Where You Stand

The opportunity
The Chinatown History Project [Where You Stand], explores a core moment in the history of Asian Americans in Southern California. During the 1860s, 24,000 Chinese immigrants arrived in California to seek fortune in the gold rush, but faced discrimination and violence. Many moved to Chinatowns in Pacific cities. Many of the Chinese laborers crucial in building the western transcontinental railroad settled in Los Angeles. By the 1880s, LA's Chinatown had grown across multiple city blocks along Alameda Street right where the South Pacific Railroad originally ended. Despite the area housing a bulk of Los Angeles’s Chinese community, efforts to move the community and demolish the neighborhood began as soon as the 1890s. Then, in the 1930s, plans for the Los Angeles Union Passenger Terminal led to the demolition of Chinatown, displacing the 2,500 remaining residents.

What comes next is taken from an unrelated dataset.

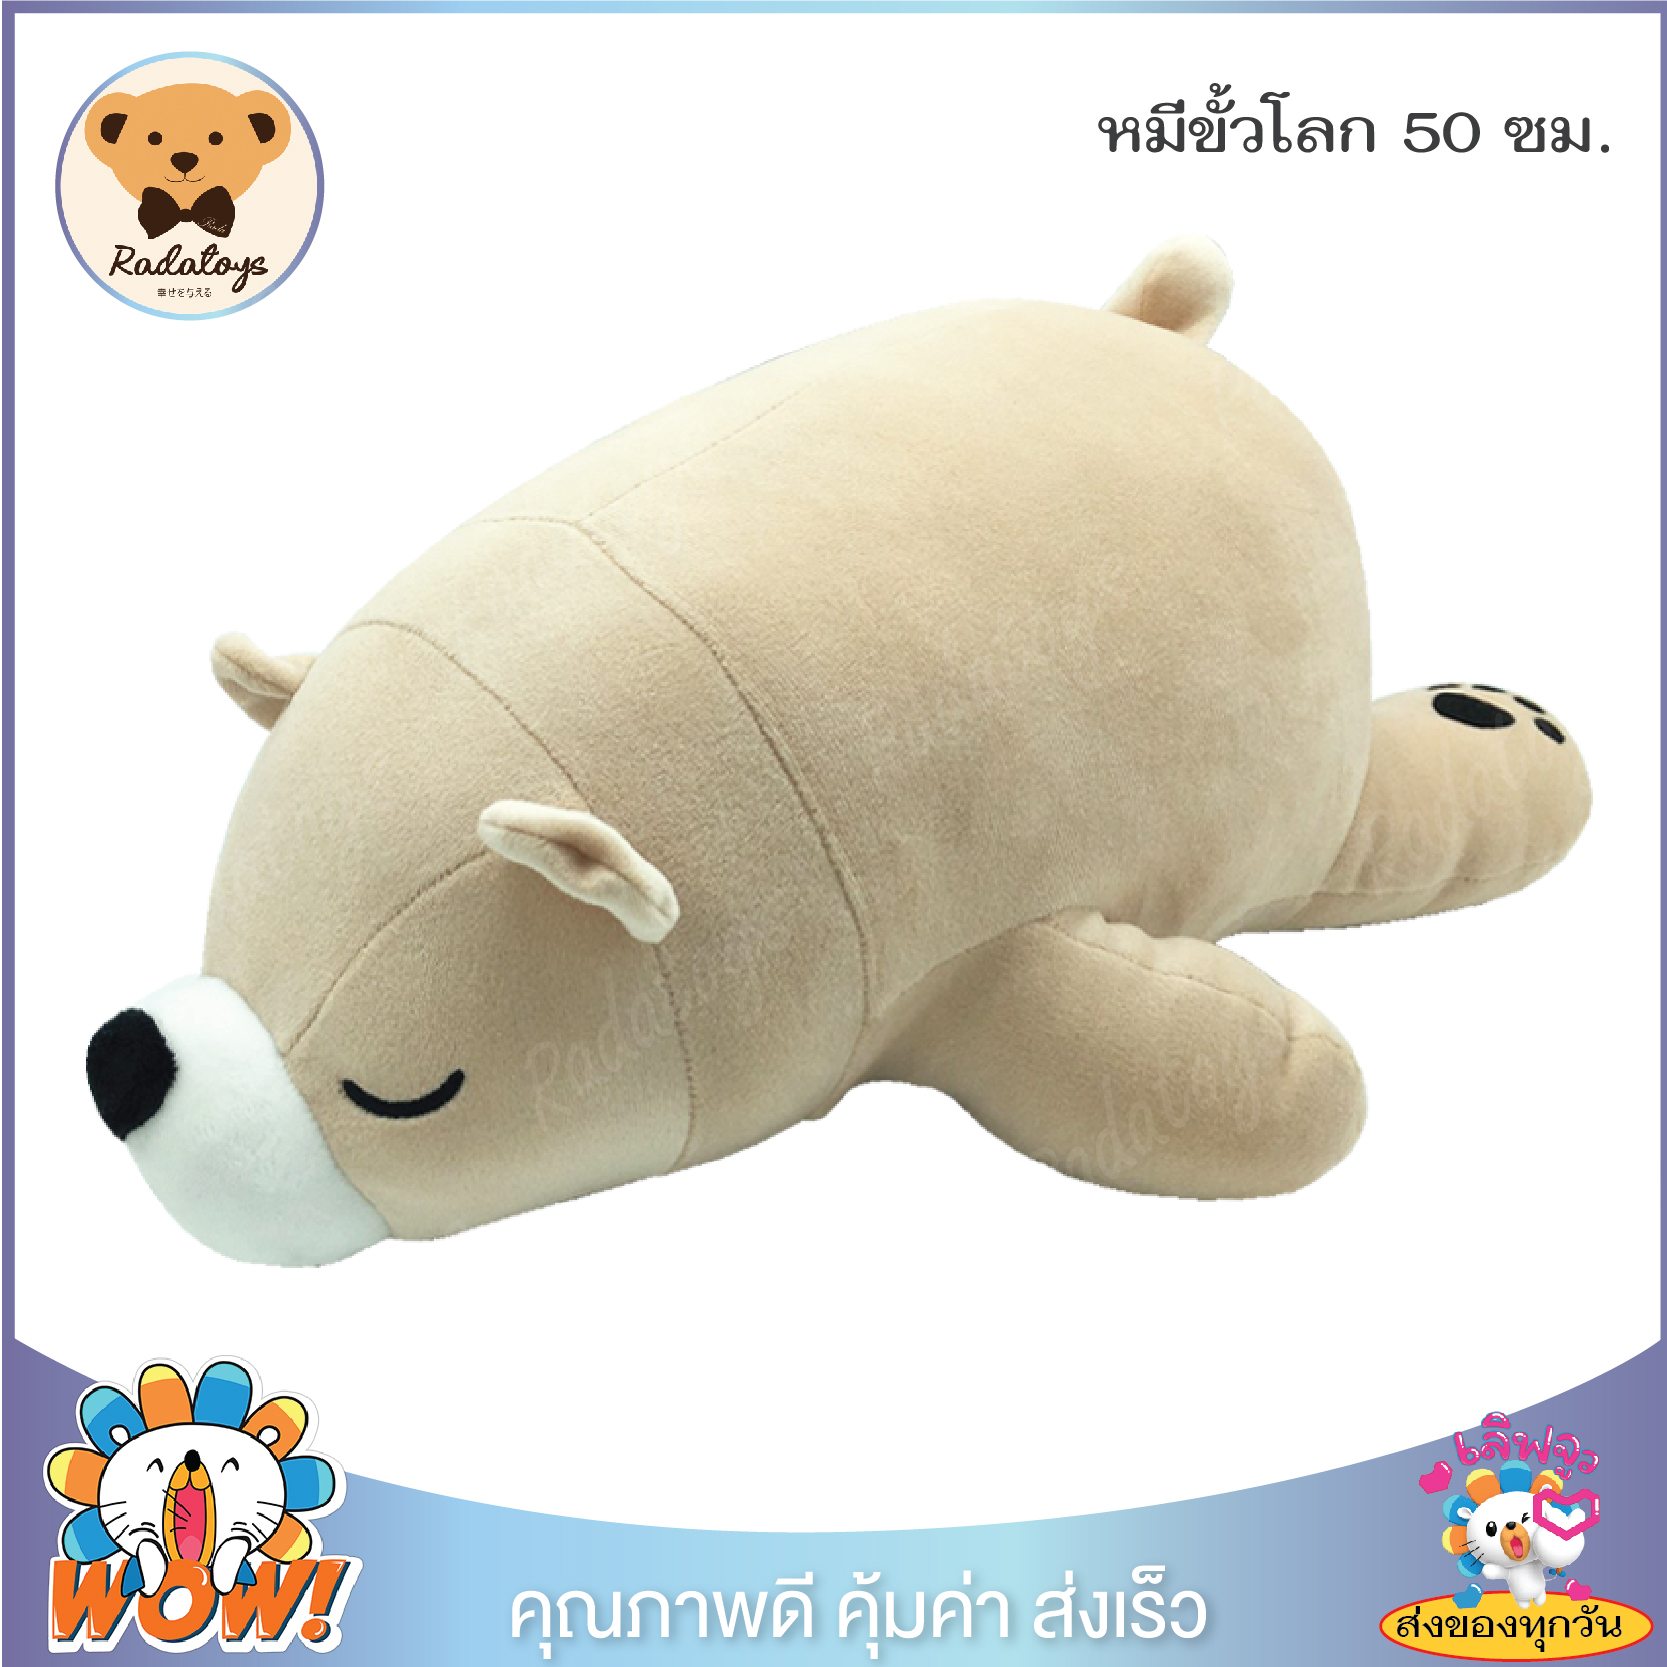 RadaToys ?ตุ๊กตาหมีขั้วโลก ตุ๊กตาหมีขี้เซา Sleepy Bear ขนาด 50 ซม. น่ารักน่ากอด ตัวนุ่มนิ่ม เส้นใยไมโคร เกรด A ผ้านุ่มมาก ผลิตในประเทศไทย

The project uses digital humanities and augmented reality to revive Old Chinatown's history, highlighting the experiences of those who lived and worked there before their forced removal. It aims to educate on Asian American and Southern California history, fostering empathy and understanding of the consequences of urban planning decisions.
Originating from a box of old photographs of Old Chinatown, the project, led by historians William Deverell and Greg Hise, has grown to include diverse researchers. It focuses on the life histories of Chinatown's residents, revealing a lesser-known aspect of LA's history of racial antagonism toward Asian communities. The project combines humanities research with modern technology, offering a new perspective on this lost neighborhood.




Welcome to TMARI
The Temporal Memory Anomaly Research Institute (TMARI) believes the area in and around the station is experiencing temporal memory anomalies (TMAs). TMAs occur when a point in history, mostly forgotten by the average person, rapidly returns into the public consciousness. This rapid and localized re-remembrance leads to the generation and concentration of memory energy: an inter-dimensional state of matter that causes tears in the fabric of time and space itself.
In the case of the Union Station area, the buildings and people that momentarily appear are those of Los Angeles’s first Chinatown, which stood in its place before being demolished to make room for the station.
To further investigate these anomalies, TMARI has developed a special technology that stabilizes memory energy. They are asking anyone at Union Station to help mark memory anomaly locations and capture images of anything that appears on their screens.